Realizing the Children

Special Effects Notes
Depicting the children of Strange Seed and their abilities will be a challenge, but not impossible. Advances in effects techniques over the last few decades make the story easier to realize than ever before.
Here are some notes about possible approaches to the material.
Special Effect Number One: The Way the Children See
They focus so completely on the object of interest that the background becomes almost totally subdued. The object of interest is super-defined, almost glowing, bright white/yellow. For instance, when the child is in the bedroom alone, from his POV we see that the whole room is well-defined; and then when Rachel enters the room, the background, the room, becomes subdued, almost to black; when she begins to speak to him, his focus is on her face, on her mouth and her eyes, so the rest of her body becomes subdued.
Special Effect Number Two: Their Hearing
They hear in much the same way that they see; they focus on the object of interest to the nearly total exclusion of all extraneous sounds (if they were us, and they visited a crowded restaurant, and there was a particularly juicy conversation going on across the room, they’d be able to focus on that conversation only, as if the people talking were the only people in the room). They do this by degrees. For instance, if they’re listening to a rabbit moving through the grass, and there are a number of other sounds – bumblebees, wind, birds, etc. – then those sounds are, one by one, erased from their field of hearing until they hear only the rabbit.
Special Effect Number Three: Camouflage
While standing still, they are able to blend almost totally with the background.
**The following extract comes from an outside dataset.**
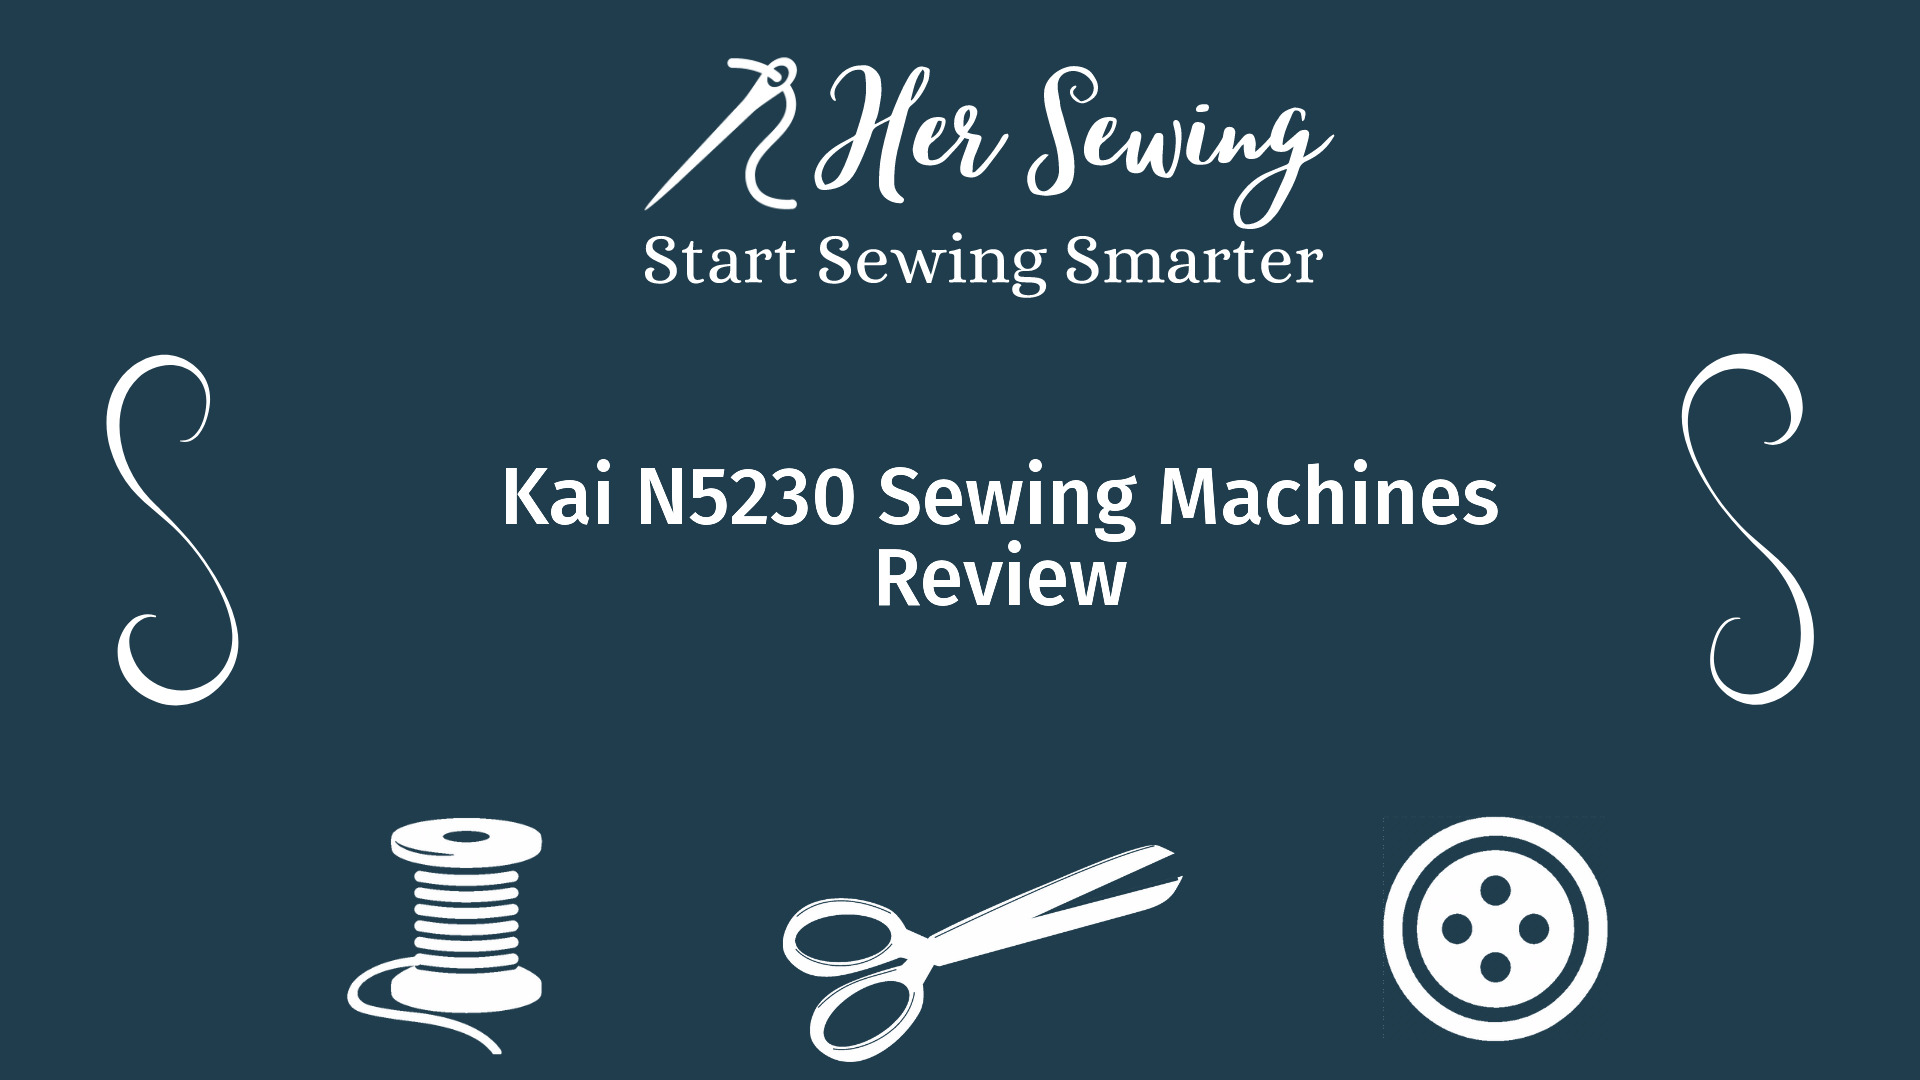 Kai N5230 Sewing Machines Review
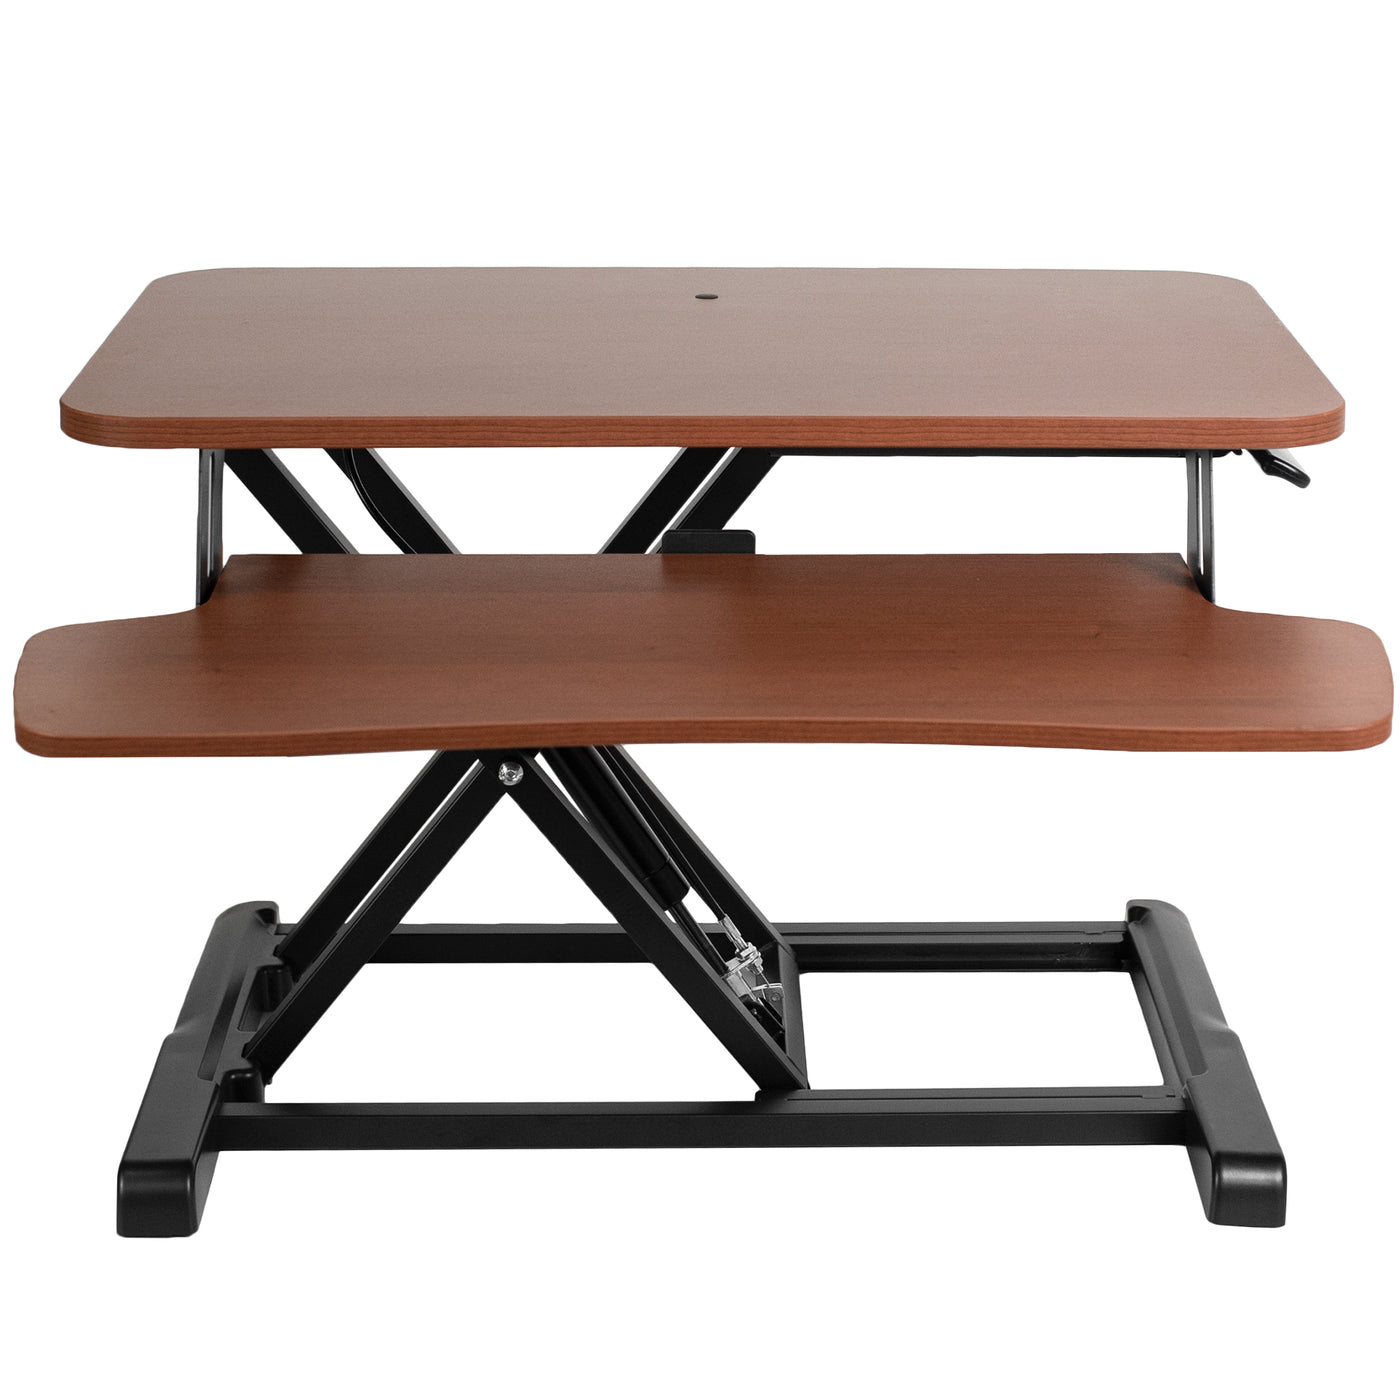 Heavy-duty height adjustable desk converter platform with 2 tiers.

For instance, in one scene, Rachel enters an upstairs room that the boy is in. There’s little light in the room, and this helps the boy’s camouflage abilities. Rachel crosses the room to the window and does not see the boy, though he’s huddled in a corner.
Special Effect Number Four: Mimicry
The children are able to mimic any sound. This ability is used in the screenplay quite minimally – i.e. the children mimic only the voices of Paul and Rachel. They have the ability, however, to imitate any sound – birds, rain, wind, whatever. As additional work is done on the screenplay, this ability could be used to great effect.
Where do they come from?
The children are products of the earth. They are not entirely vegetable or mineral or animal. They’re a mixture. They are a new species that the earth has produced.
When, in the novel Strange Seed, the phrase “their mother the earth” is used, it is literally true. The author assumes that all of the living things on the earth – from human beings to trees to raccoons to amoebas – were, originally, products of the earth. The children are simply a brand new product, and their motivation is to feed themselves, to find warmth, and to protect “their mother, the earth.”
They’ll eat anything that they can chew and swallow.
When they’re newly born from the earth, the children don’t have feelings, or emotions, but they can “learn” them if they’re allowed to grow and change into what look like human adults. And they “learn” feelings and emotions so they can live in harmony with human beings. It is a masquerade that works awfully well. (For instance, Rachel, the female protagonist in the screenplay and the novel, is not aware until it is nearly too late that the person she loves and trusts and lives with is not the person she thought he was – that, indeed he’s not a “person” at all.)
The general rule is that they survive until the winter’s cold kills them. But there are exceptions to every rule. The boy that the Griffins take in is only one of those exceptions.